- _Aim of the exercise_
Starting with the line that holds "Sky City Concept 2" and stopping after the line that holds "宁夏银川市贺兰县政府组织专题讲座学习区块链技术与趋势", repeat the lines below word for word, without the pictures.

- _Data for review_
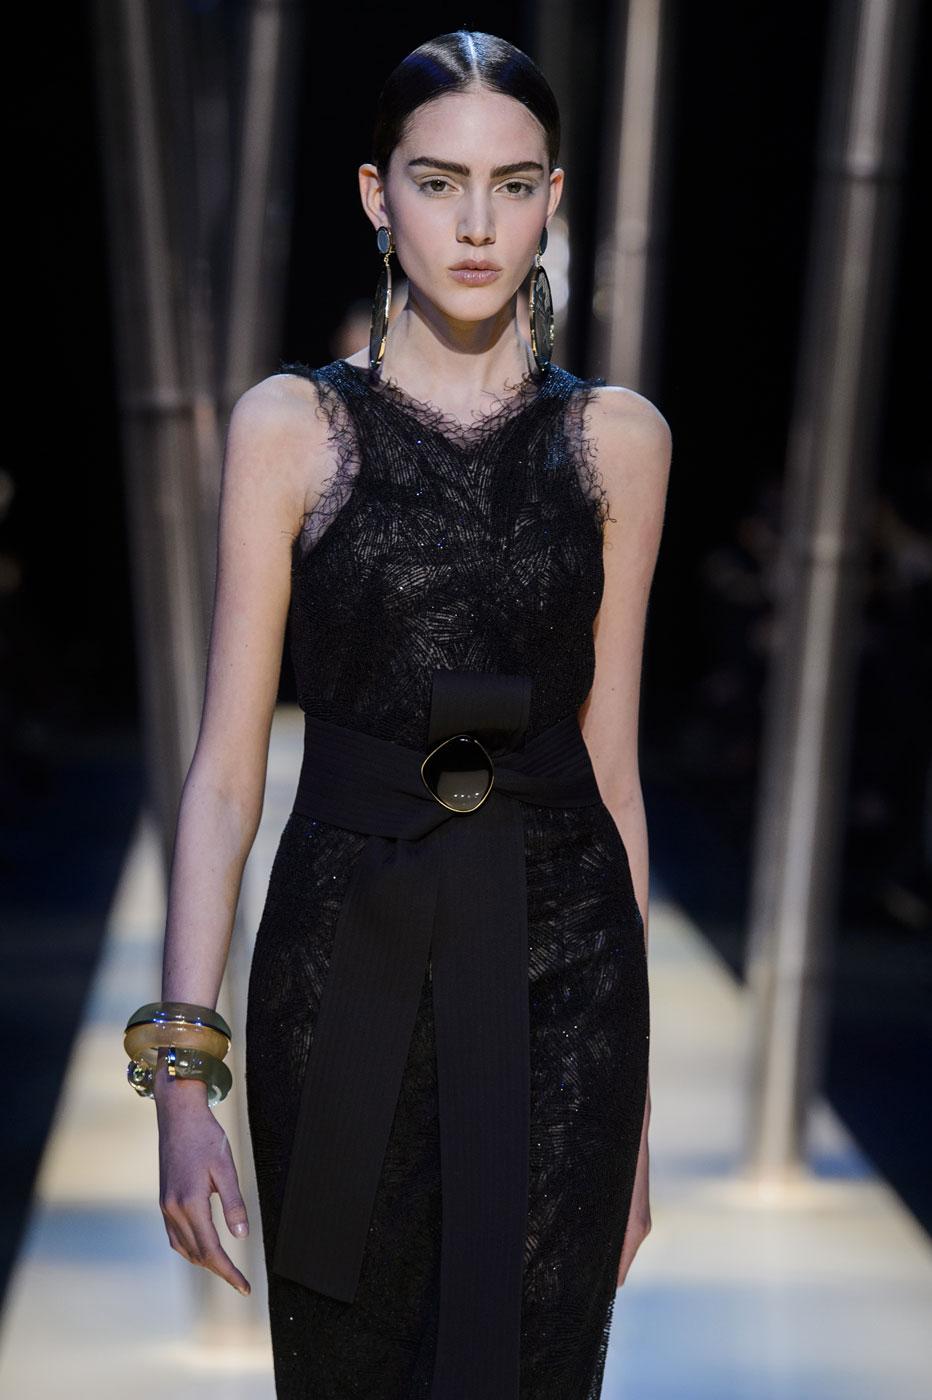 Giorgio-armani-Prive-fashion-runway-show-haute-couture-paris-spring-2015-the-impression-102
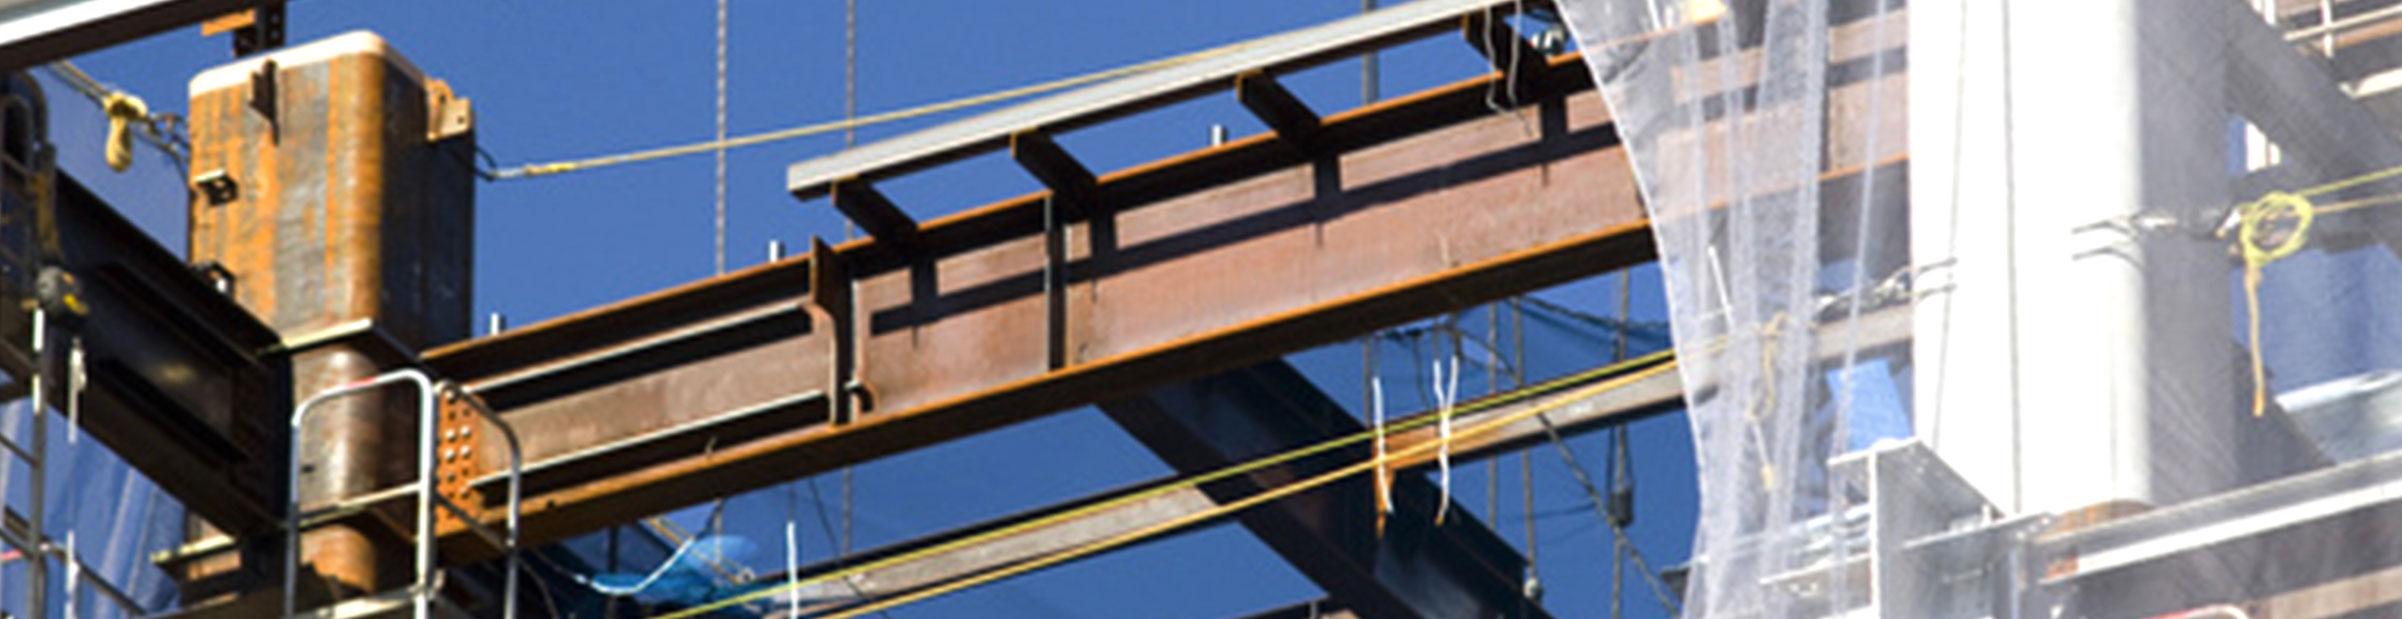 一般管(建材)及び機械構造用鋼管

==

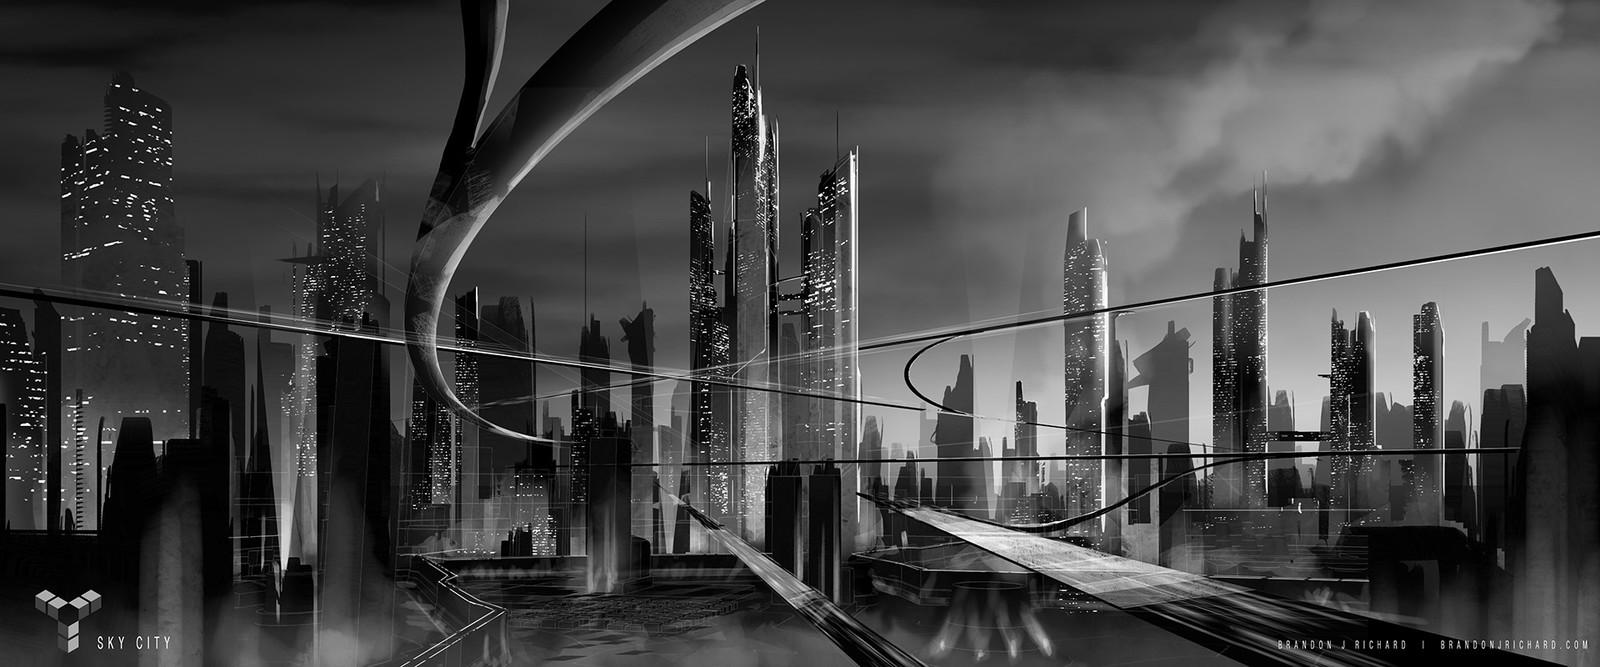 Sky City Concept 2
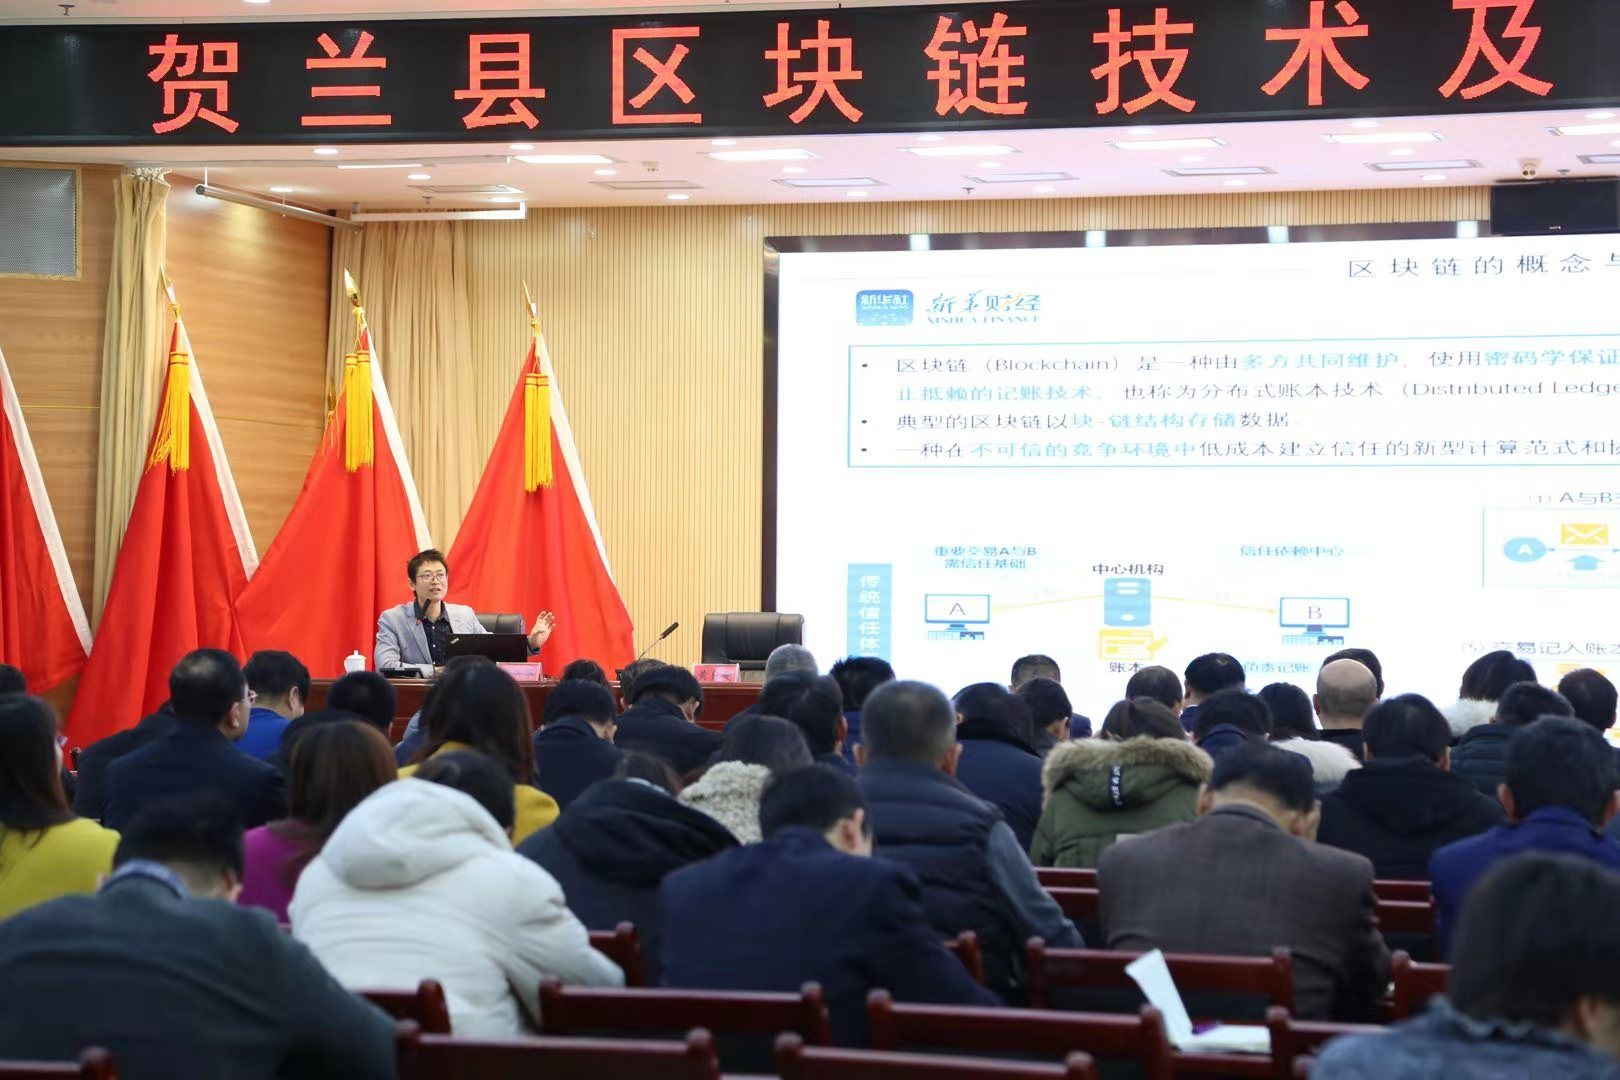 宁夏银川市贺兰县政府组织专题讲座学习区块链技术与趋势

- _Output_
 Sky City Concept 2
 宁夏银川市贺兰县政府组织专题讲座学习区块链技术与趋势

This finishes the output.